Rz. 72
§ 1 Abs. 2 Satz 2 eröffnet den in einem Haushalt mit dem nach § 1 Abs. 2 Satz 1 Berechtigten lebenden Ehegatten oder Ehegattinnen die Möglichkeit, (ebenfalls) Elterngeld in Anspruch zu nehmen. Der Anspruch auf Elterngeld leitet sich in diesen Fällen vom anderen Elternteil ab. Ohne Bedeutung sind Staatsangehörigkeit oder Aufenthaltsstatus in Deutschland.
Dauerhaft im Ausland tätiger Entwicklungshelfer
Entwicklungshelfer E ist für einen staatlich anerkannten Träger des Entwicklungsdienstes im Ausland tätig. In Afrika lernt er F, Staatsangehörige seines Einsatzstaats, kennen. Beide heiraten kurz darauf und bekommen Nachwuchs. Nach Deutschland reisen sie in dieser Zeit nicht. Hat F dennoch einen Anspruch auf Elterngeld?
Lösung
E erfüllt die Voraussetzungen des § 1 Abs. 2 Satz 1 Nr. 2. Damit zählt auch seine Ehefrau F über Satz 2 der Norm zum Kreis der Anspruchsberechtigten. Auf ihre Staatsangehörigkeit kommt es nicht an. Ebenso wenig ist erforderlich, dass sich F vor, während oder nach der Geburt in Deutschland aufgehalten und einen entsprechenden Aufenthaltstitel erlangt hat. Die soziale Bindung gegenüber Deutschland besteht in dieser Konstellation auch dann, wenn sich beide durchgängig im Ausland aufhalten, "da der Auslandsaufenthalt zwangsläufig zum Berufsbild des Entwicklungshelfers gehört".
Rz. 73
Partner einer nichtehelichen Lebensgemeinschaft haben nach dem eindeutigen Wortlaut des § 1 Abs. 2 Satz 2 keinen Anspruch auf Elterngeld. Dies ist unter verfassungsrechtlichen Gesichtspunkten nicht zu beanstanden. Die Regelung findet im Schutzgebot des Art. 6 Abs. 1 GG, aber auch in der gesetzgeberischen Einschätzung ihre Rechtfertigung, wonach bei in ehelicher Gemeinschaft zusammenlebenden Eltern "typisierend eine engere fortbestehende Verbindung zum Heimatland und eine größere Wahrscheinlichkeit der Rückkehr innerhalb überschaubarer Zeiträume" anzunehmen sein soll. Zudem haben sich die Partner einer nichtehelichen Lebensgemeinschaft "gerade zu einem Zusammenleben unter Vermeidung der mit Vor- und Nachteilen verbundenen rechtlichen Bindungen einer förmlichen Ehe entschlossen". Auch Art. 6 Abs. 5 GG, wonach den unehelichen Kindern die gleichen Bedingungen für ihre leibliche und seelische Entwicklung und ihre Stellung in der Gesellschaft zu schaffen sind wie den ehelichen Kindern, führt zu keinem anderen Ergebnis. Denn § 1 Abs. 2 Satz 2 knüpft gerade nicht an den Status des Kindes an, für das Elterngeld beantragt werden soll, und ist zudem in räumlicher Hinsicht primär auf das Bundesgebiet ausgerichtet.
Rz. 74
EuGH-Entscheidung zu nicht ehelichen Lebensgemeinschaften
Der EuGH hat zur VO (EWG) 1408/71 – nunmehr VO (EG) 883/2004 – festgehalten, dass ein Anspruch auf Familienleistungen, zu denen das deutsche Elterngeld zählt, auch über den "Lebensgefährten" vermittelt werden kann.

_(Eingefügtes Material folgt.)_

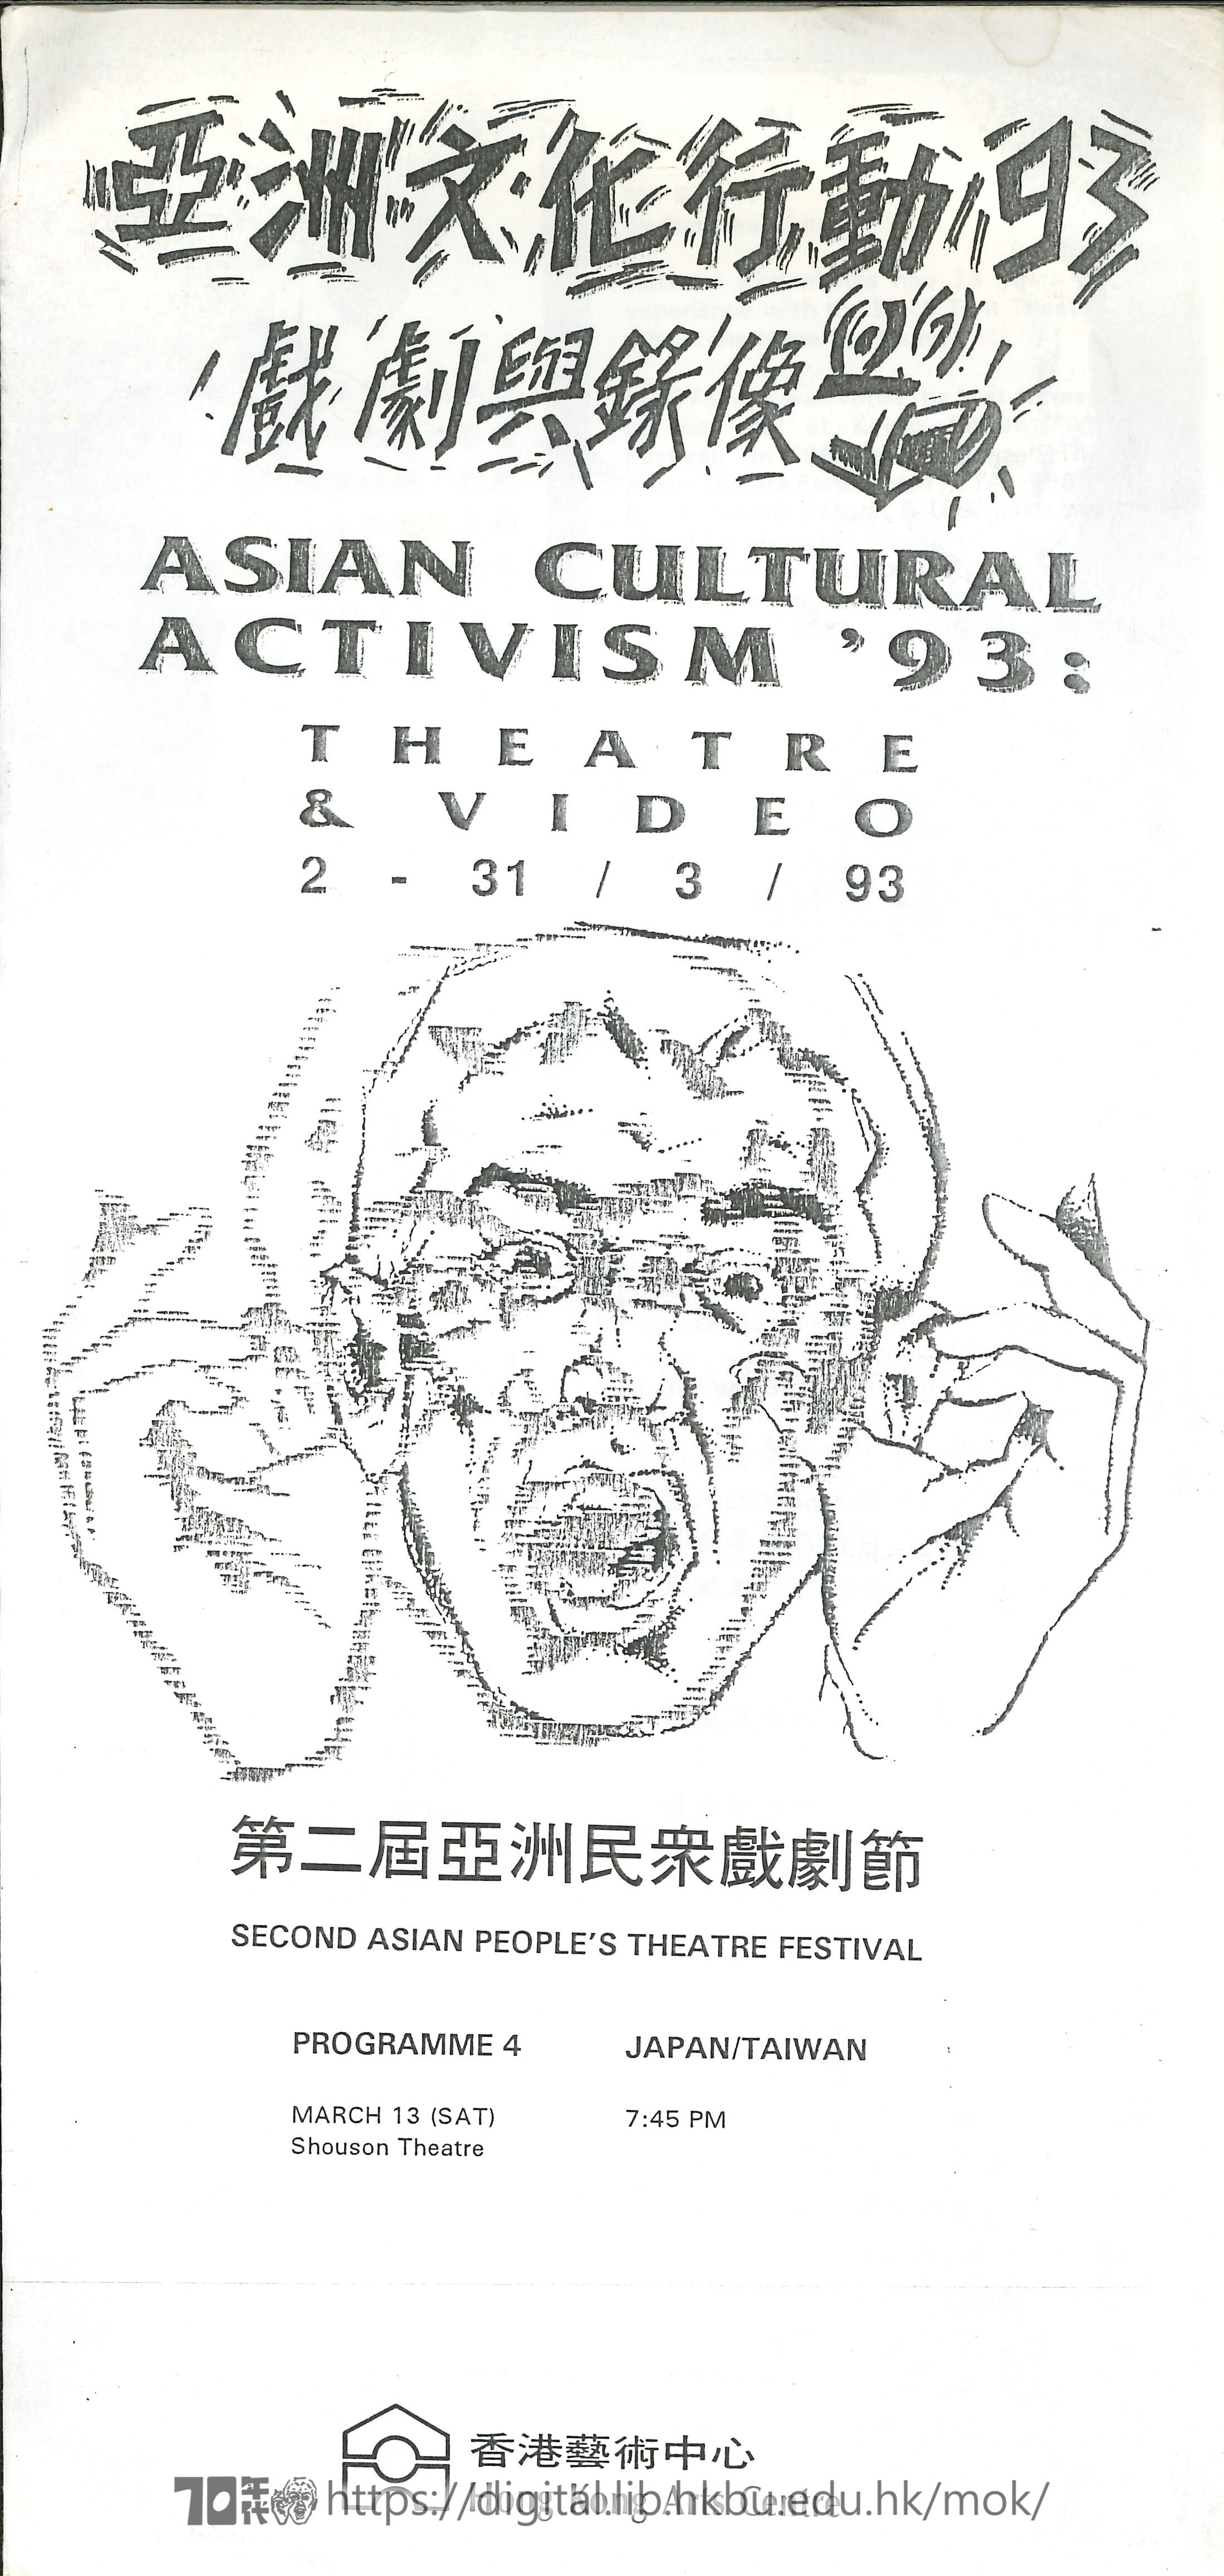 第二屆亞洲民眾戲劇節  亞洲文化行動93 戲劇與錄像 (節目-4）第二届亞洲民衆戲劇節 場刊

Vor diesem Hintergrund spricht vieles dafür, in Konstellationen mit grenzüberschreitendem Bezug eine europarechtskonforme Auslegung des § 1 Abs. 2 Satz 2 in Betracht zu ziehen.
Rz. 75
§ 1 Abs. 2 Satz 2 kann für die Praxis eine erhebliche Bedeutung zugesprochen werden. Denn regelmäßig ist es gerade der andere, nicht ins Ausland entsandte, aber gleichwohl dorthin mitreisende Elternteil, der Elterngeld in Anspruch nehmen möchte. Konstellationen, in denen eine zum Kreis des § 1 Abs. 2 Satz 1 gehörende Person am neuen Einsatzort seine Erwerbstätigkeit reduziert oder ganz einstellt, dürften in deutlich geringerer Zahl auftreten.